Hand carved top and sides, all solid woods. 16" bout, 3" deep. Kent Armstrong pickup, beautiful art deco tuners. As always, pictures don't even come close.

To the left is the work of an archtop luthier friend of mine, a 17" cutaway New Yorker style archtop. Maybe 2.5" depth vs. the full 3" the Eastman has.

**Beware: Awful picture taking skills**

































*Fret Access:*
In terms of fret access, on the Eastman I can comfortably play up to the 10th fret (assuming pointer on 10th, pinky on 13th). The cutaway on the New Yorker, I can easily play lines with the pinky on 16th fret. I've been playing this in jazz groups and in a lot of different groups the past month, so I've gotten pretty good at playing up to the 15th fret by sliding my hand around and fretting like a cellist, but it's really only to hit a few notes.

*Sound:*
I originally purchased it with the idea of playing it acoustically (I play a Godin 5th Avenue without the pickup at the moment). However, it has an amazing plugged in tone with flats. I was floored. Currently, it has .012 DR Zebras on it (http://www.drstrings.com/catalog/zebra-wound-round-cores), which are acoustic strings with a nickel wind that still allow it to be picked up by the pickup. 

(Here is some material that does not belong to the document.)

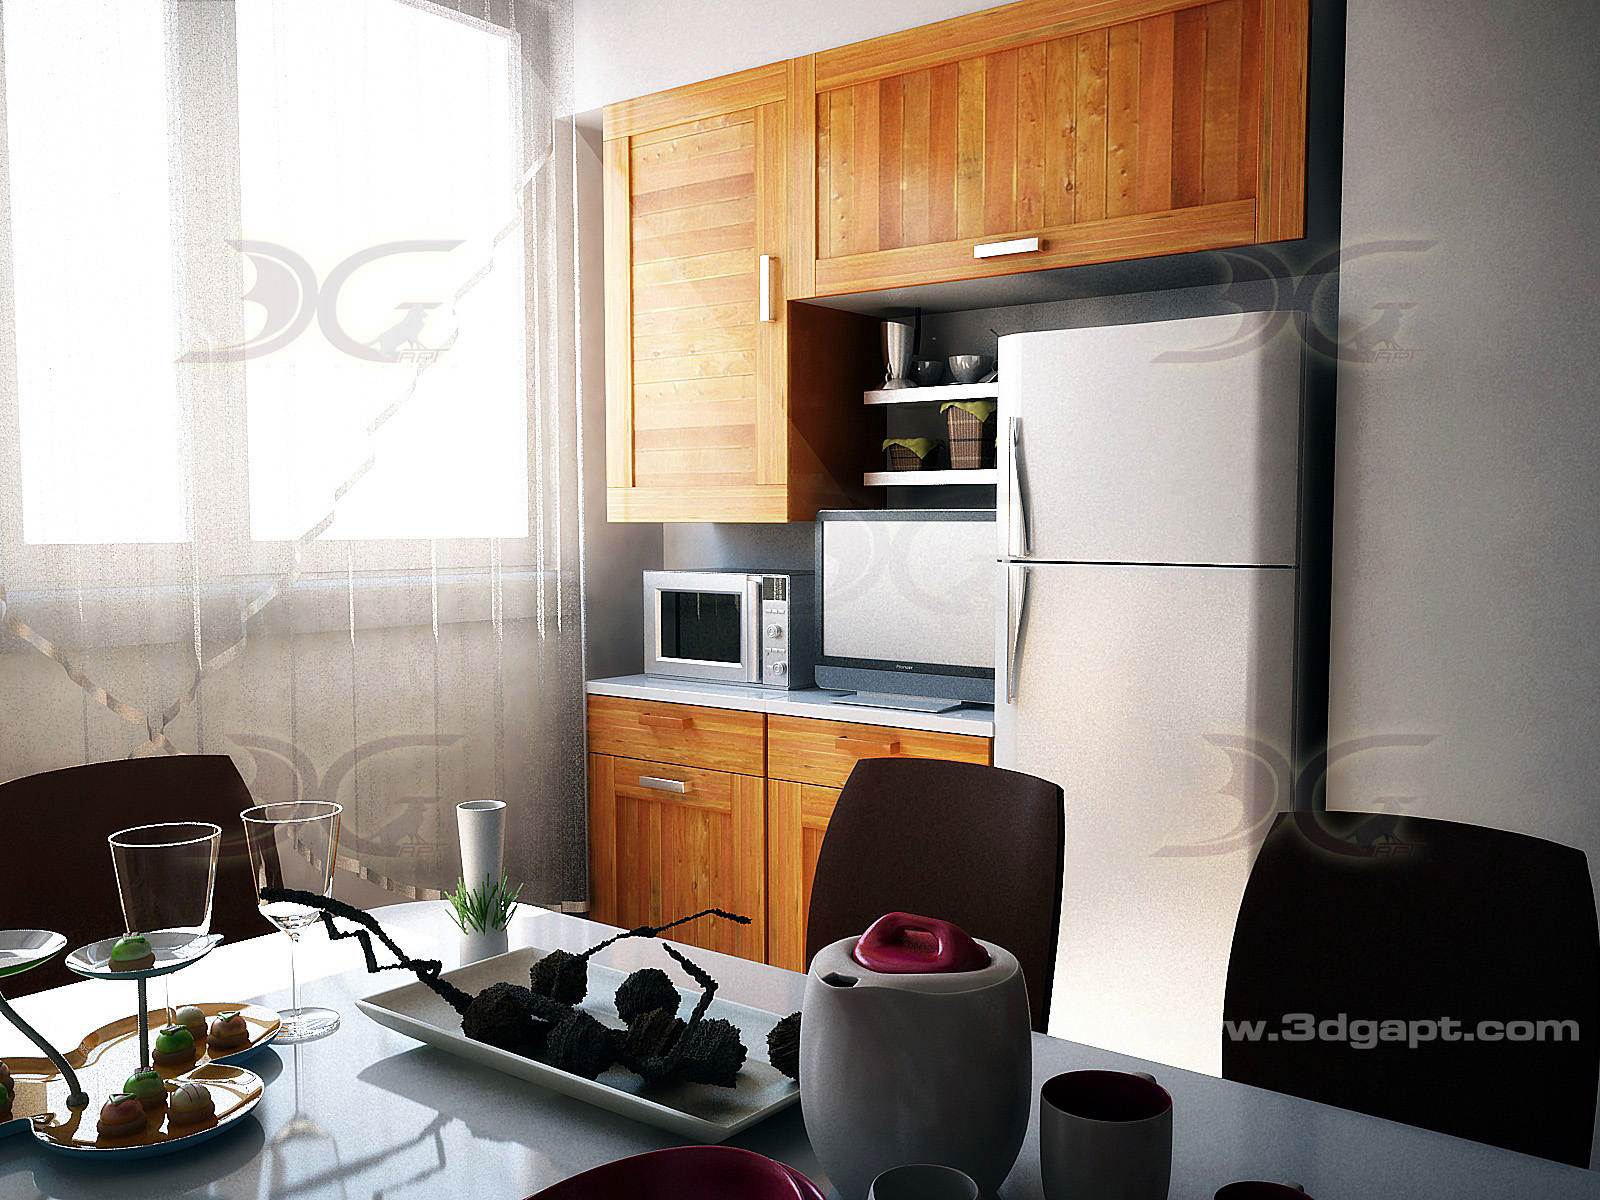 architecture interior kitchen-3versions 10

With proper acoustic strings, it sounds amazing acoustically. That rich, archtop tone. Not a whole lot of volume, but an incredible amount of sweetness and character. With flatwound (Thomastik Bebop 13s I believe were on there, I saved them regardless), it is incredible plugged in. Altogether not feeling how it sounds with typical roundwounds.

Definitely planning on trying the Benson set (flatwound 14s) once I stop using it as an acoustic guitar.

*Finish:*
The finish is really lightly applied polish of some kind. Unfortunately, it's quite easy to get dirty and stay dirty (fingerprints as witnessed in the image). There isn't a whole lot I can use to get them out, and what is approved to use on french polish isn't that strong. To be honest, I'm not really bothered at all, as most of the time I'm playing it in a fairly dimly lit club.

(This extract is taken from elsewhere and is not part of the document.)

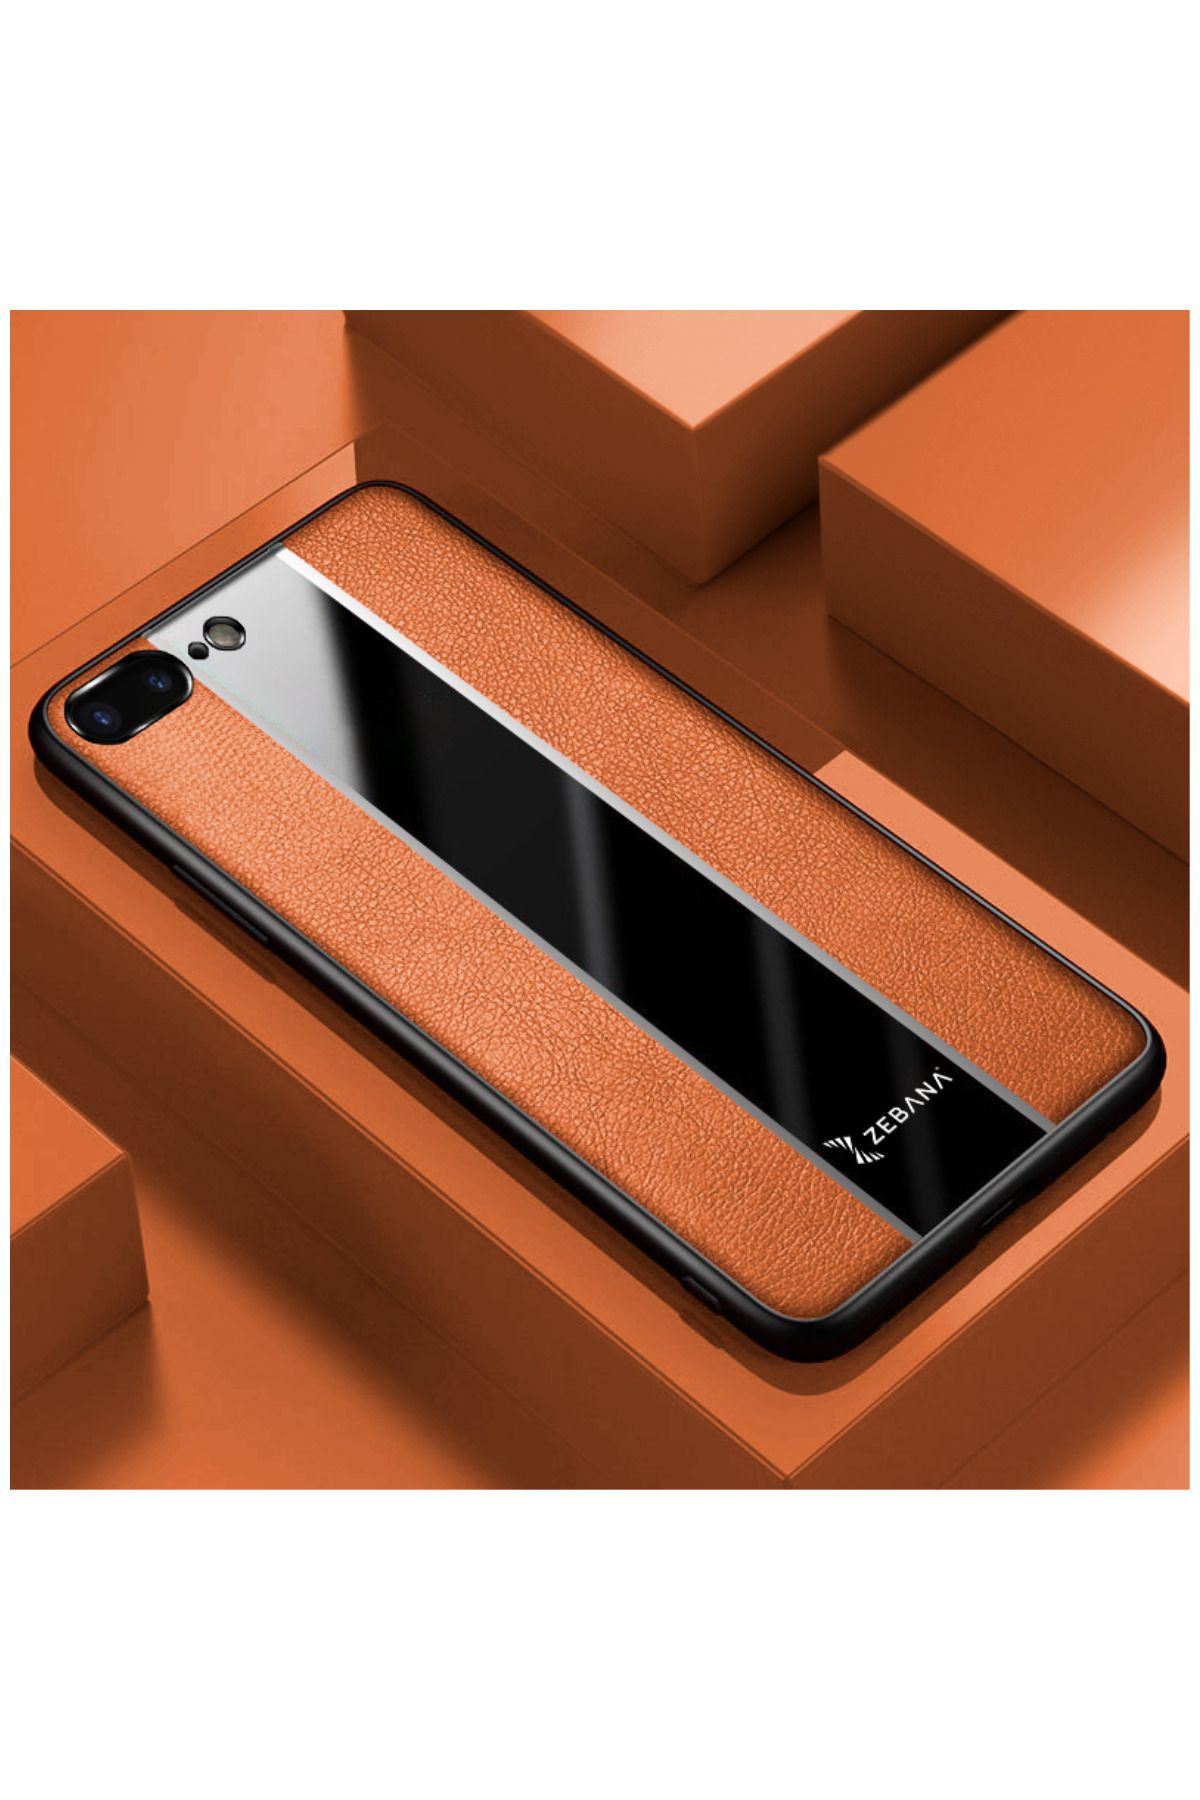 Dara Aksesuar Apple Iphone 8 Plus Uyumlu Kılıf Zebana Premium Deri Kılıf Kahverengi

***Bonus Pic**:* Playing it as part of the Toronto Jazz Festival**


----------



## SirMyghin (Jul 15, 2011)

Beautiful axes there.


----------



## IB-studjent- (Jul 15, 2011)

I've never had GAS for an archtop.......I do now.....


----------



## technomancer (Jul 16, 2011)

VERY nice


----------



## MaxOfMetal (Jul 16, 2011)

Win.


----------



## yingmin (Jul 17, 2011)

What was the "unbeatable" price? There was an 805CE at a Guitar Center for $1000, and I was having a really hard time talking myself out of buying that one. Good thing it's been sold.

By the way, this is an 805E. The "C" is for cutaway, which this guitar doesn't have.


----------



## AcousticMinja (Jul 17, 2011)

This is porn. 

Amazing. Nice score there!


----------



## Trespass (Jul 17, 2011)

yingmin said:


> What was the "unbeatable" price? There was an 805CE at a Guitar Center for $1000, and I was having a really hard time talking myself out of buying that one. Good thing it's been sold.
> 
> By the way, this is an 805E. The "C" is for cutaway, which this guitar doesn't have.



You're right, my mistake.

That's a crazy price, you definitely should have purchased it. I play a lot of archtops these days (I live near The 12 Fret) as well as hang out with a professional luthier who specializes in archtops, and I can confidently say that they either are equal to or better any factory made guitar in the $2500-$3000 range.

I've directly compared my Eastman to the handmade guitar above, as well as a $8000 Gibson Le Grande (Currently at the Long & McQuade at Ossington & Bloor here in Toronto).


----------



## yingmin (Jul 18, 2011)

Trespass said:


> That's a crazy price, you definitely should have purchased it.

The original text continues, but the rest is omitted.